Anyway, back to Wells Fargo and the OCC settlement. Wells Fargo agreed to strengthen the roles, responsibilities, and lines of authority for financial crimes risk management in both the First and Second lines. 

In the First Line, for example, that means stronger policies, procedures, and controls to assure effective implementation of the bank’s enterprise-wide AML and sanctions programs. It also means more testing of controls in those first-line units, more training (which must be job-specific), and reviews to assure that the First Line maintains sufficient staff to support the AML and sanctions compliance programs.
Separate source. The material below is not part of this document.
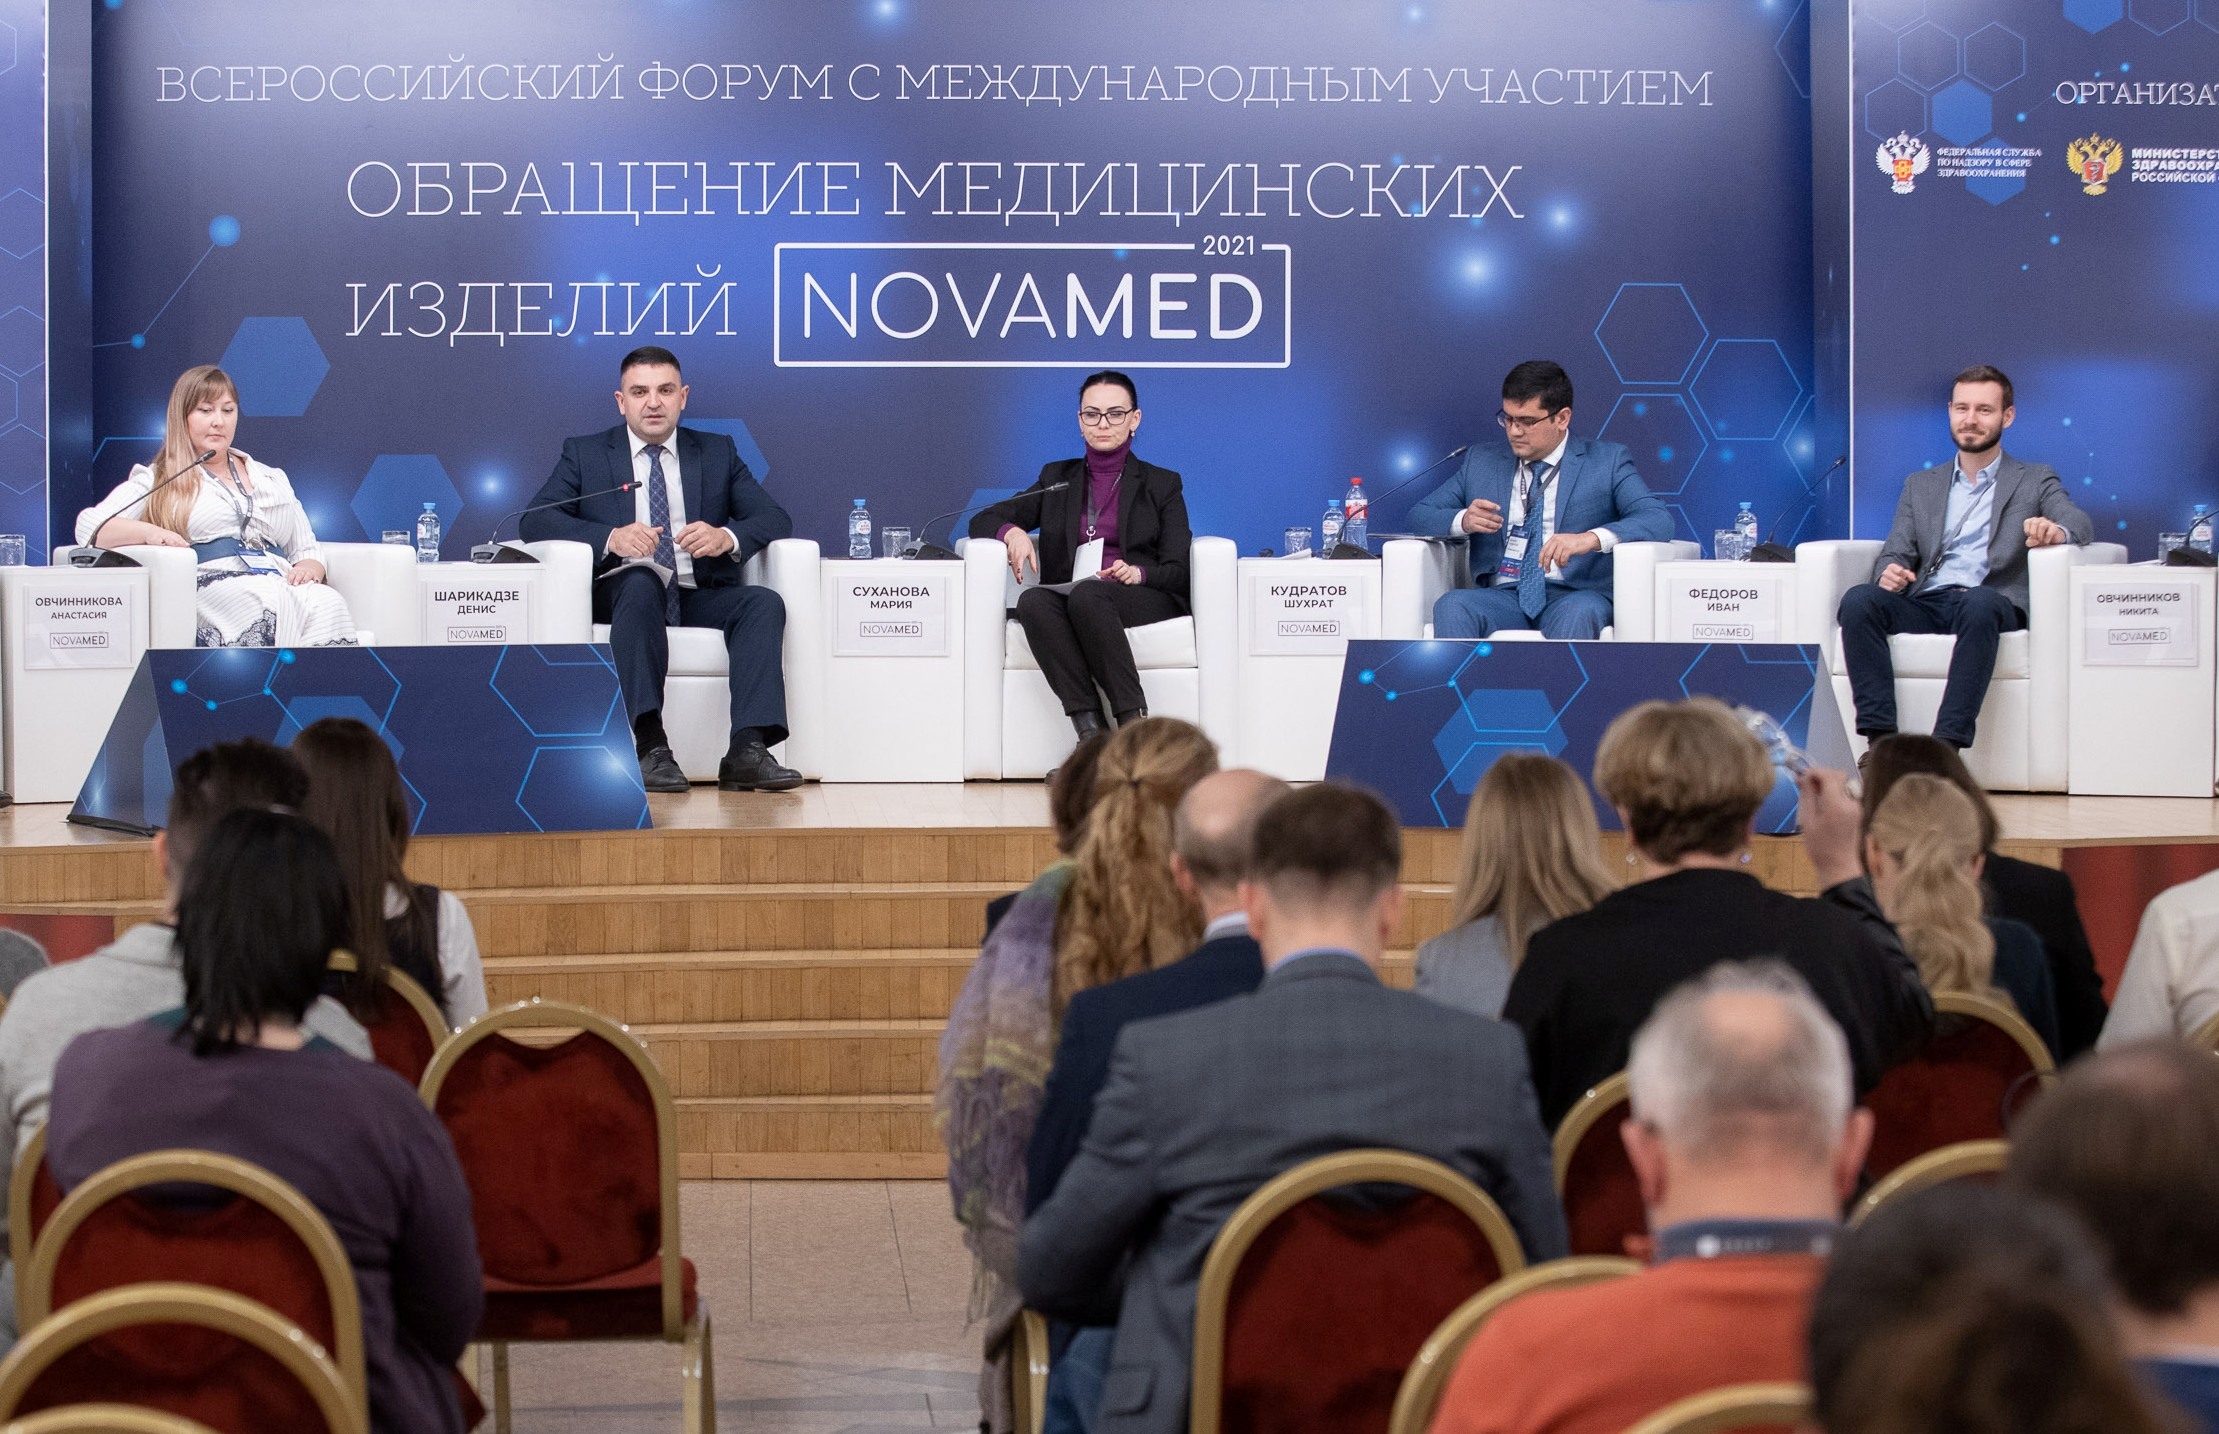 FSUE “Moscow Endocrine Plant” (“Endopharm”) Presented the Experience of Creating an Accredited Testing Laboratory at the NOVAMED-2021 forum

Wells must also do much the same for the Second Line compliance function, with a few extra twists. For example, the Second Line must also develop policies, procedures, and controls to oversee risk rating, escalation, the performance of root cause analyses, and resolution of compliance issues in a timely manner. (Crucial compliance duties, to be sure; but not ones that should be left to First Line operating teams.) The Second Line is also responsible for reporting compliance issues to senior management, and for “the functioning of financial crimes risk management-related forums,” whatever those are.

My only question here is whether Wells Fargo has some type of compliance risk governance framework — something that defines the roles, responsibilities, and accountability for both the front-line units and the independent compliance risk management team in the Second Line. You’d assume that a bank as big as Wells Fargo does indeed have such a framework; otherwise the chance of conflicting roles and responsibilities (and the ensuing turf battles) goes nowhere but up.

That’s enough for today. In a post later this week we’ll look at the specific compliance program improvements Wells must make for customer due diligence, suspicious activity reporting, risk assessment, and all the rest.